### What you are asked to do
Look below for the line that contains "Pack serum facial" and the line that contains "Poshbag Boutique - This", then restate both of them and every line in between, exactly. No picture goes in the copy.

### Source material
***
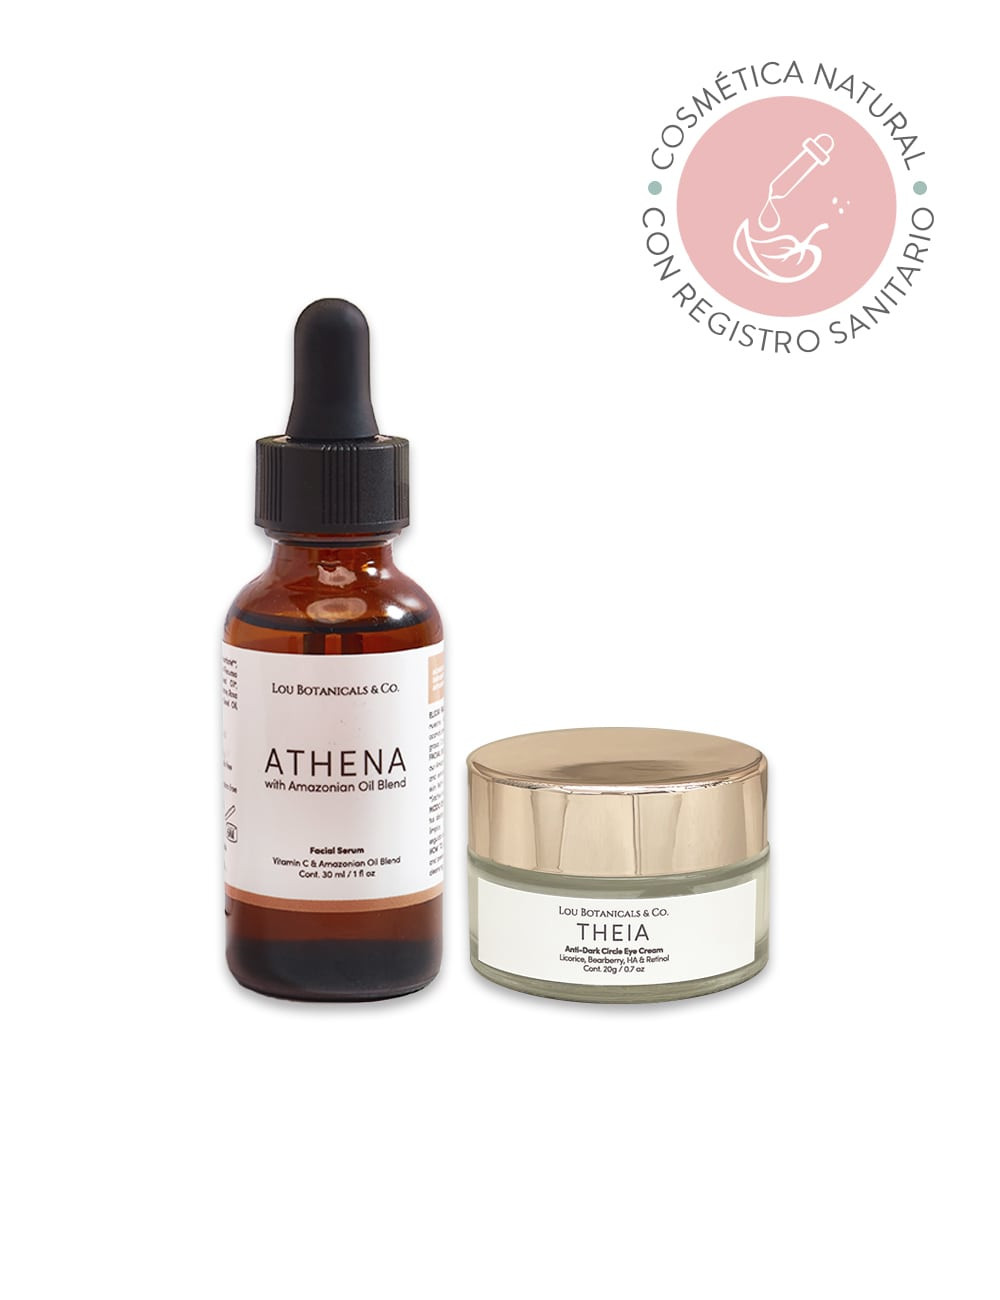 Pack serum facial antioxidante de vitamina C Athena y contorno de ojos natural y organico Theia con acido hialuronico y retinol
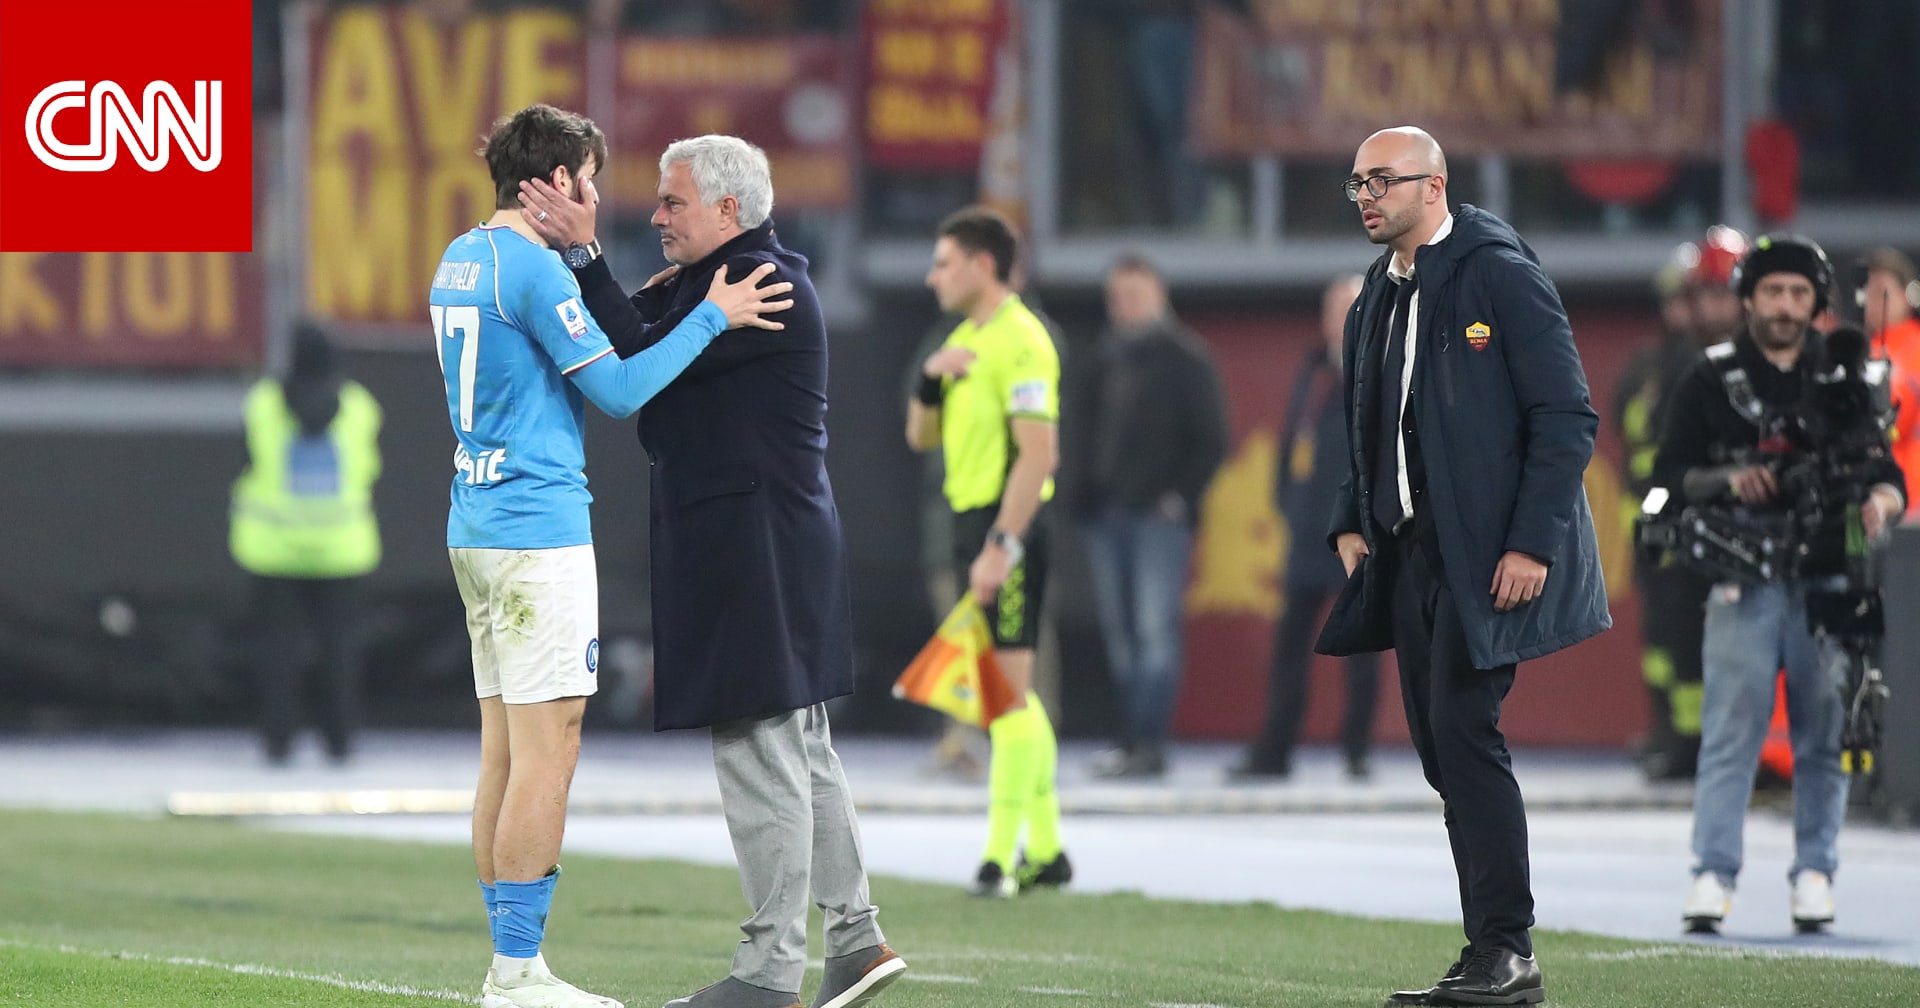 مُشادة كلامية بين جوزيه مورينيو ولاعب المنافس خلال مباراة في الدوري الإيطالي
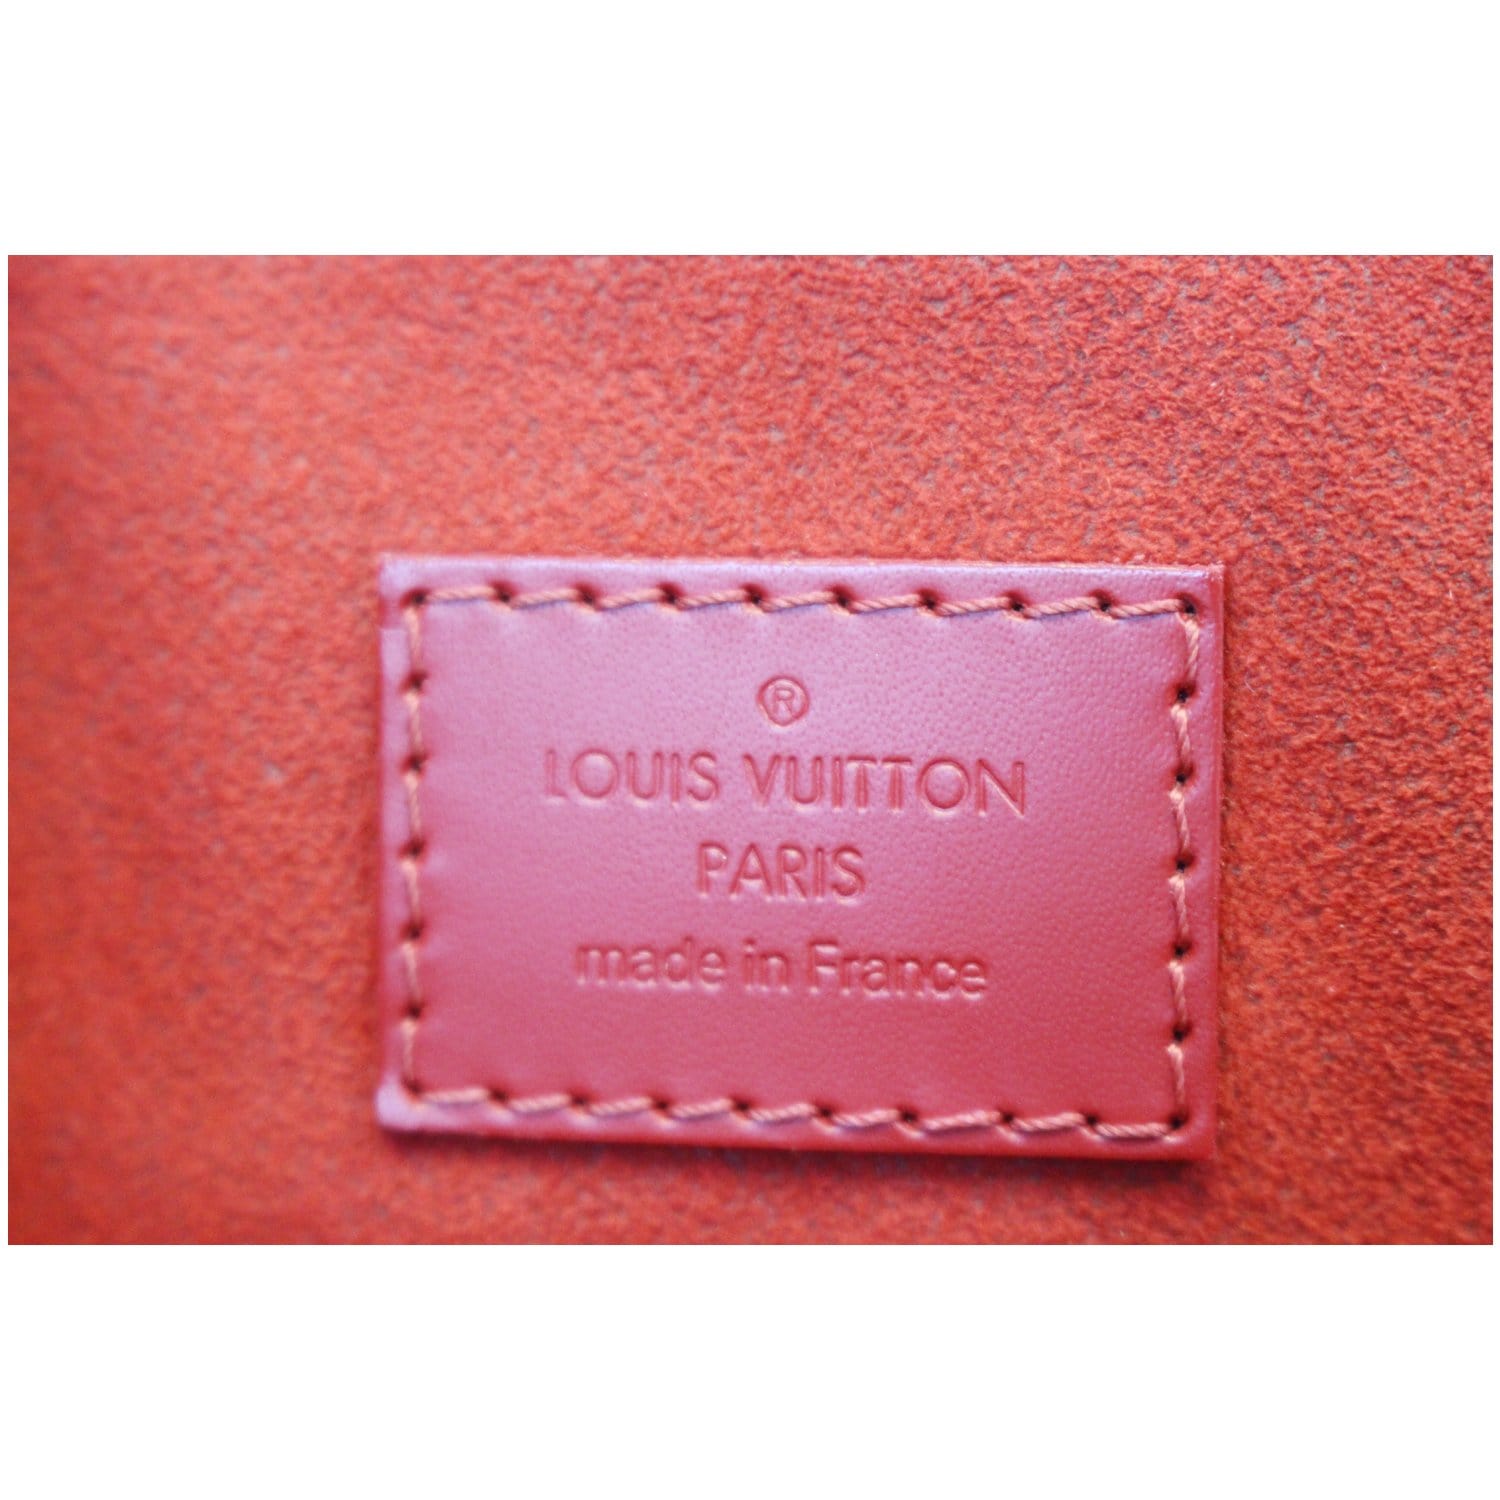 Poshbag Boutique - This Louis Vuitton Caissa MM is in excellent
***
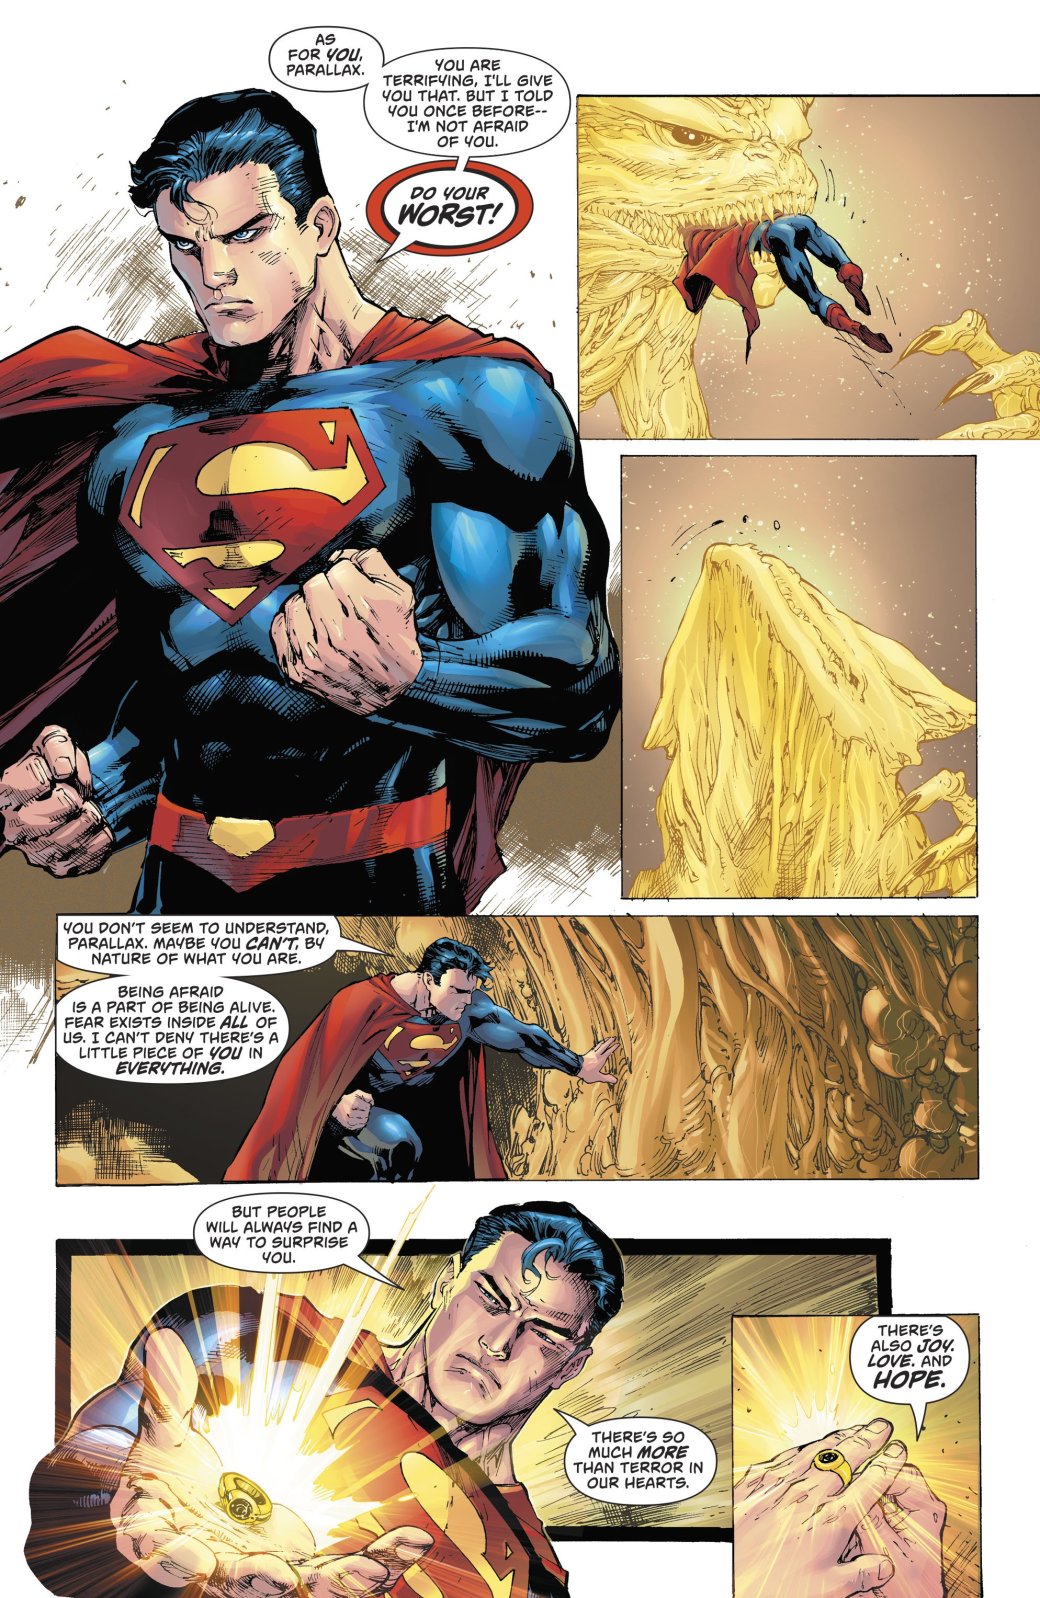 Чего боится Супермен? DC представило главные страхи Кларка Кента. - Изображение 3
***
### Task solution
 Pack serum facial antioxidante de vitamina C Athena y contorno de ojos natural y organico Theia con acido hialuronico y retinol
 مُشادة كلامية بين جوزيه مورينيو ولاعب المنافس خلال مباراة في الدوري الإيطالي
 Poshbag Boutique - This Louis Vuitton Caissa MM is in excellent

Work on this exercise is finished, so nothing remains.